All-digital phase-lock-loops (ADPLLs) are widely used in advanced CMOS technology. ADPLLs typically include high resolution time-to-digital converters (TDC) and LC-based digitally controlled oscillators (LC-DCO). Such configuration reduces area consumption and power dissipation in the ADPLL. The ADPLL also typically includes a digital loop filter, a reference clock accumulator, a variable clock accumulator and a feedback divider.
Compared to analog phase lock loops, an ADPLL with an LC-DCO exhibits lower phase noise with lower power consumption and lower frequency pushing (i.e., smaller output frequency variations due to supply voltage variation and/or noise). In addition, the LC-DCO is generally immune from process and temperature variations. The ADPLL with an LC-DCO, however, has a relatively smaller tuning range and occupies a relatively large space on the chip when compared to analog PLLs, for example.
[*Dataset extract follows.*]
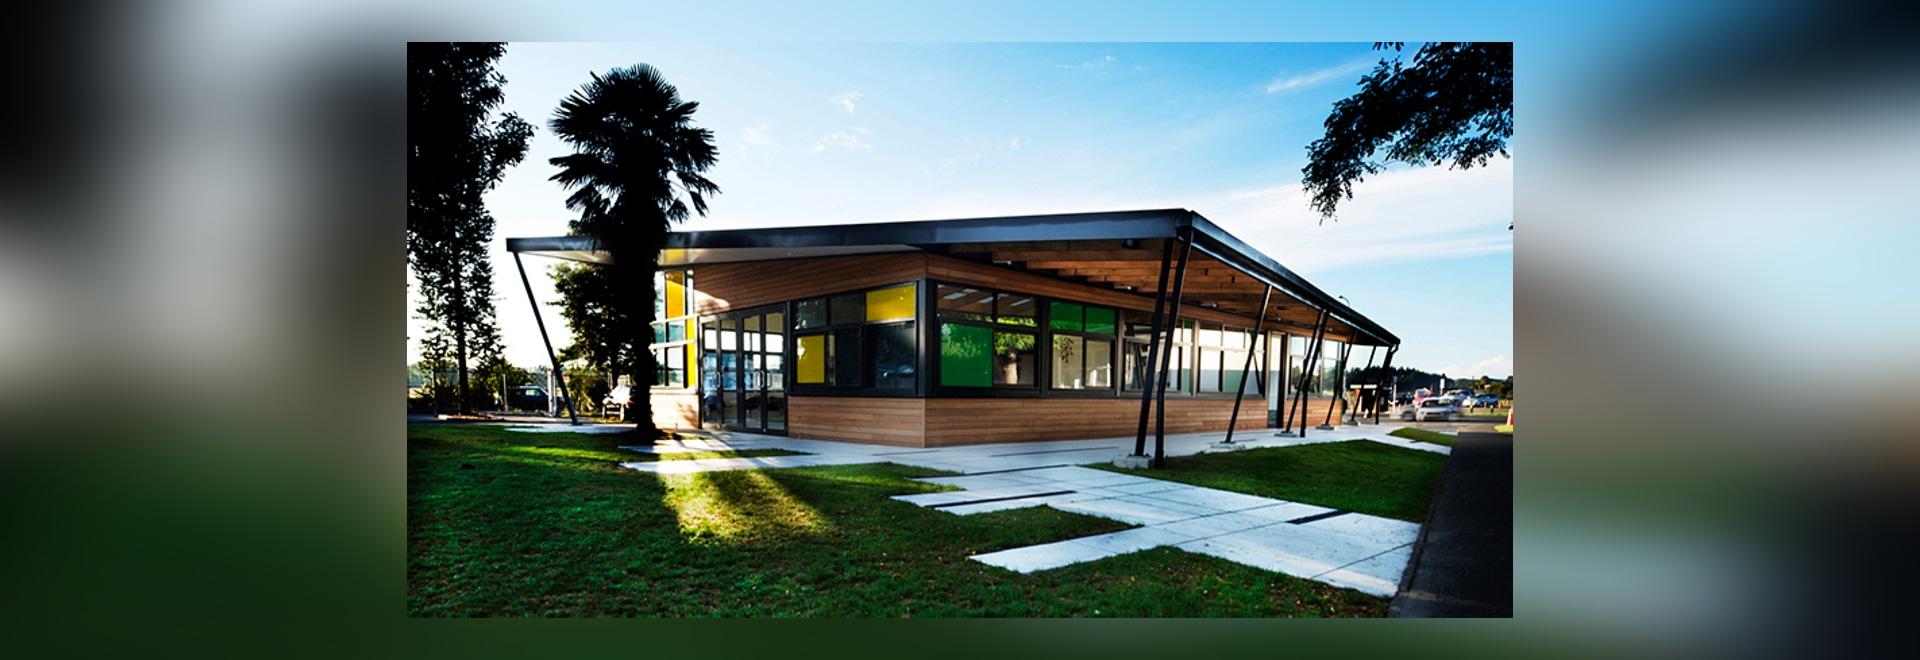 stephenson & turner re-imagine primary school admin building in auckland

Magnetic coupling techniques can be used for increasing the tuning range without extra area consumption by an LC-DCO by decreasing the inductance of an inductor or transformer-based LC tank of the LC-DCO. Implementations with a single-turn and fixed switches, however, provide a limited tuning range extension. Additionally, such magnetic coupling techniques decrease the total quality factor of the LC tank of the LC DCO due to a switch resistor coupling effect.